(Information supplied begins)

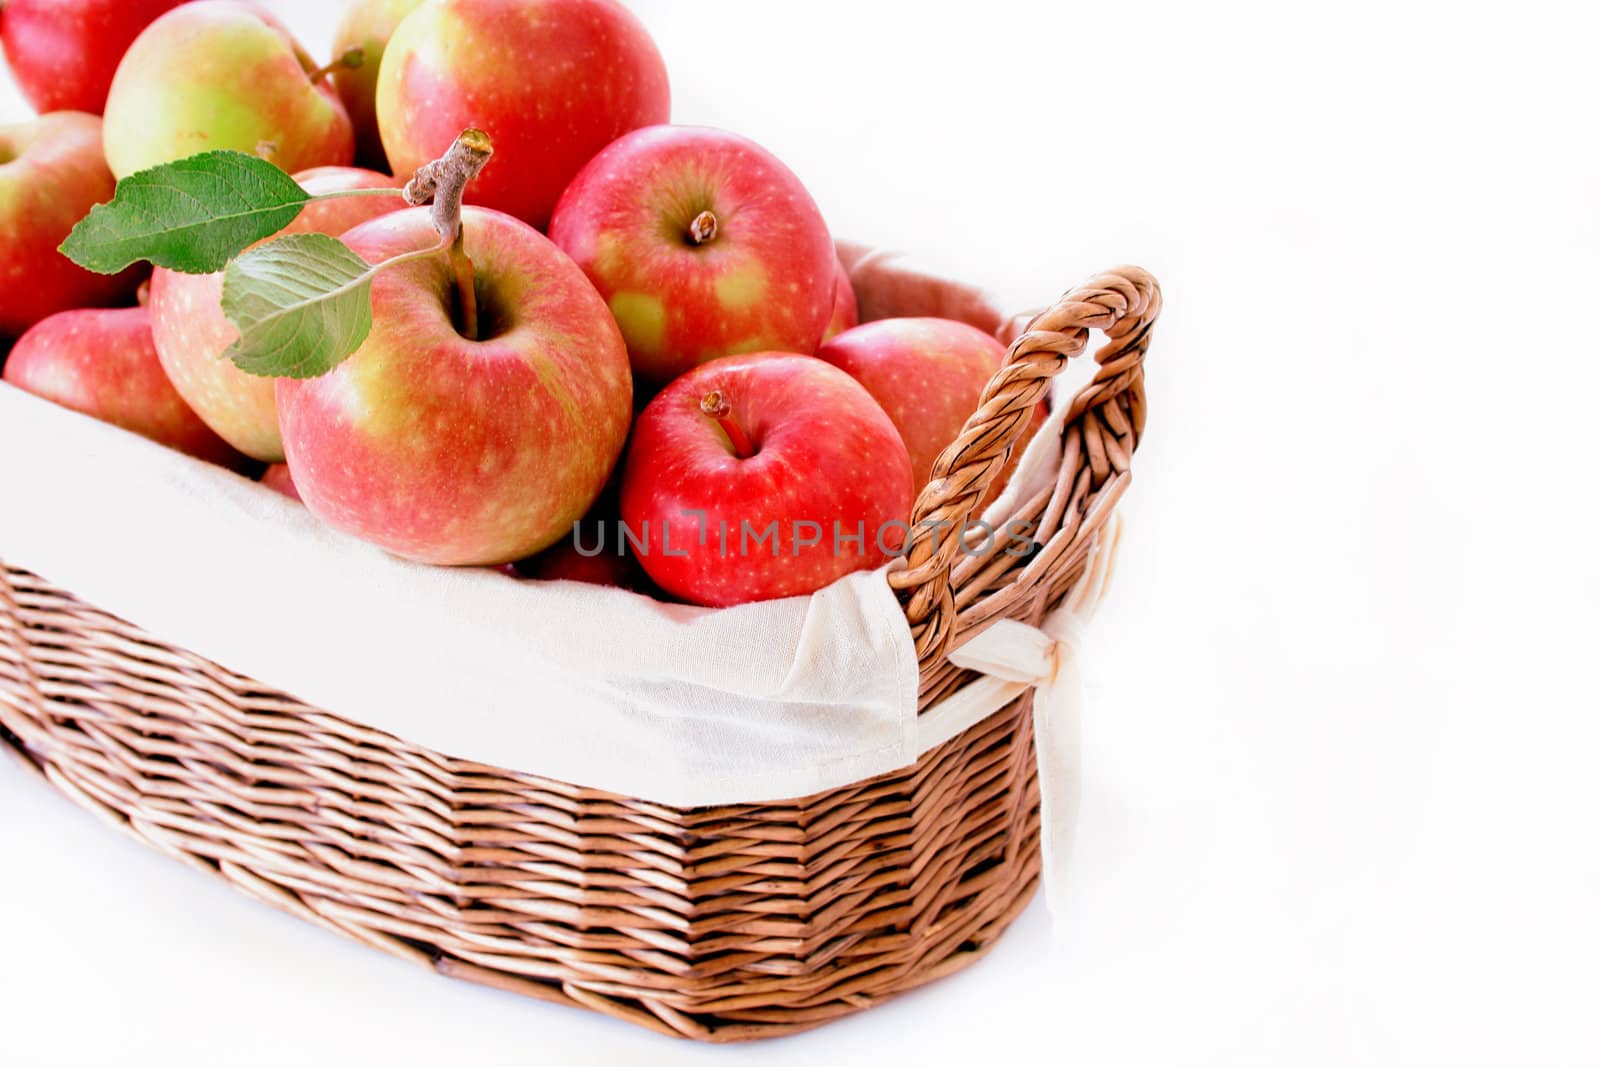 Bushel of Apples by thephotoguy
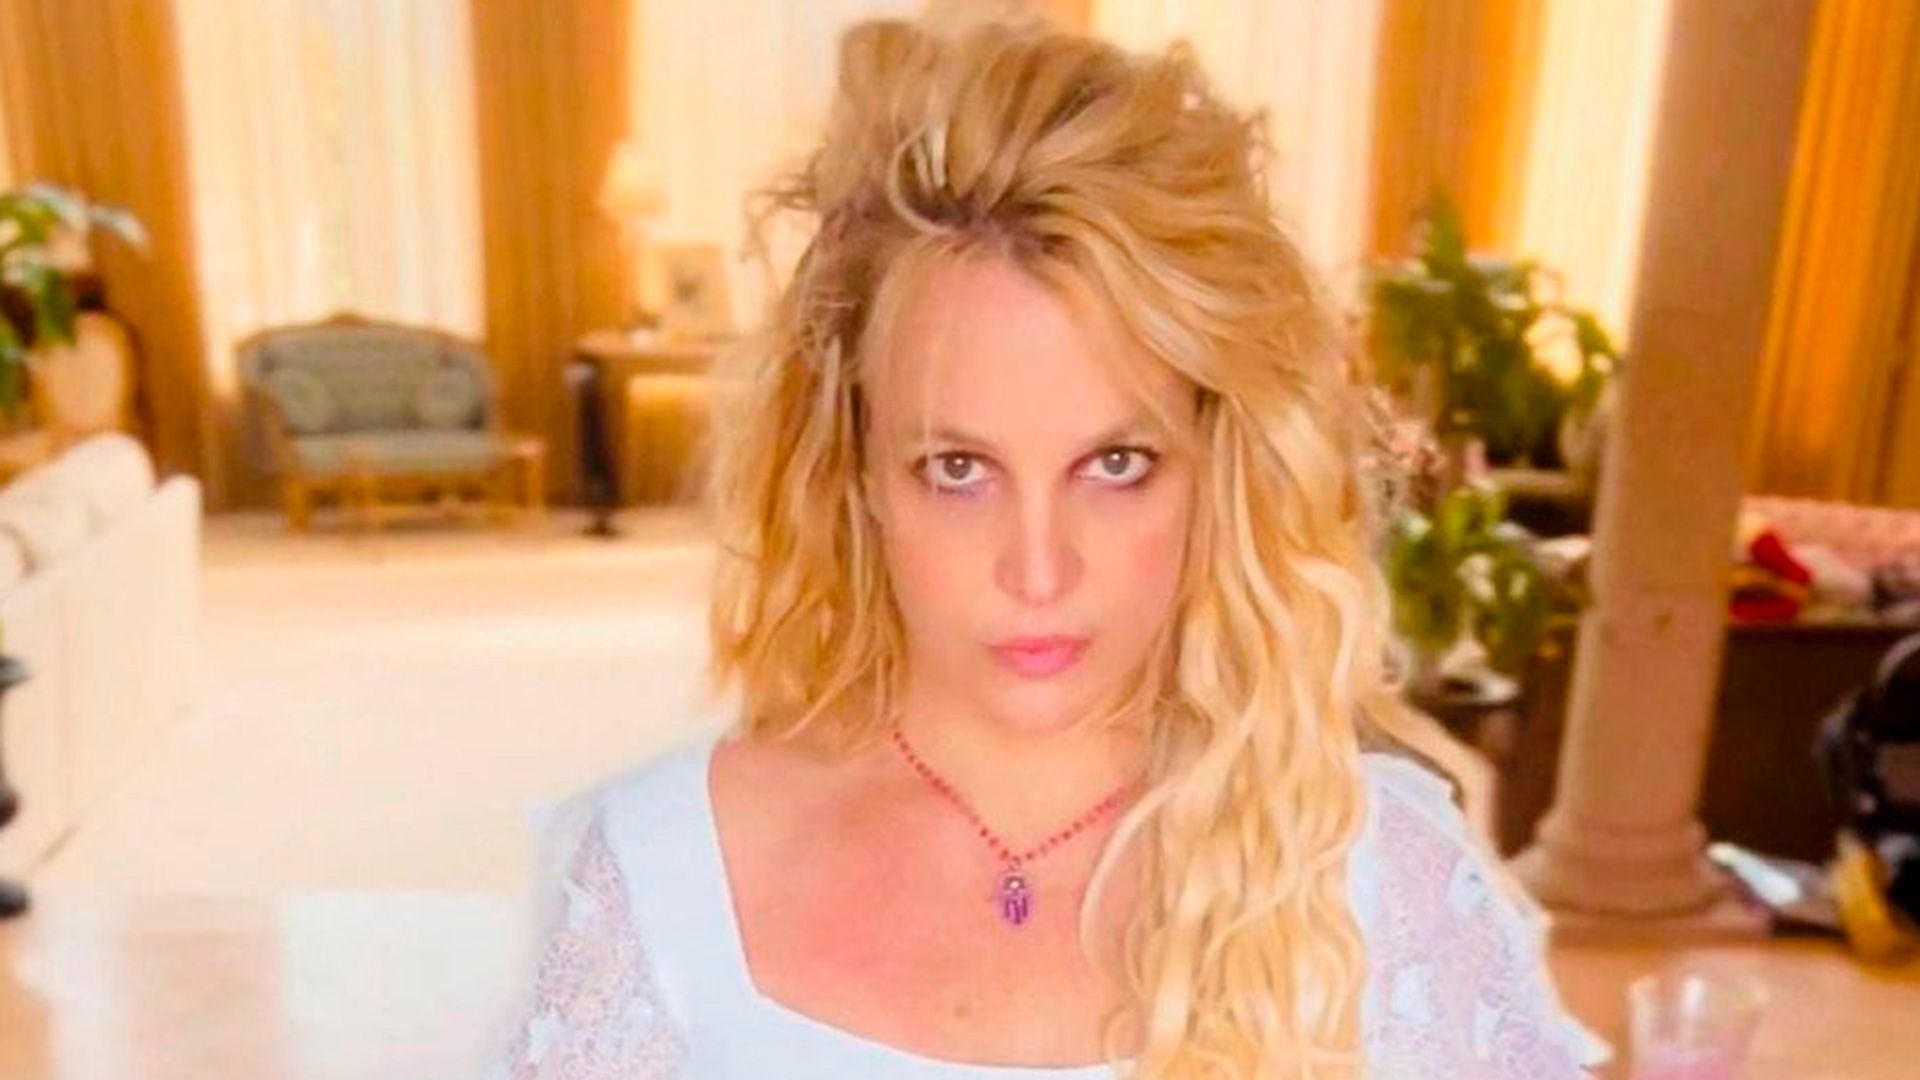 Por alrededor de dos años, Britney sólo comió pollo con verduras enlatadas, lo cual describe como "degradante"
(@britneyspears)

(Information supplied ends)

## What to work on
Would you set down, word for word, the lines running from the one that contains "Por alrededor de" to the last line of the material, omitting all pictures?

## Output of the task
 Por alrededor de dos años, Britney sólo comió pollo con verduras enlatadas, lo cual describe como "degradante"
(@britneyspears)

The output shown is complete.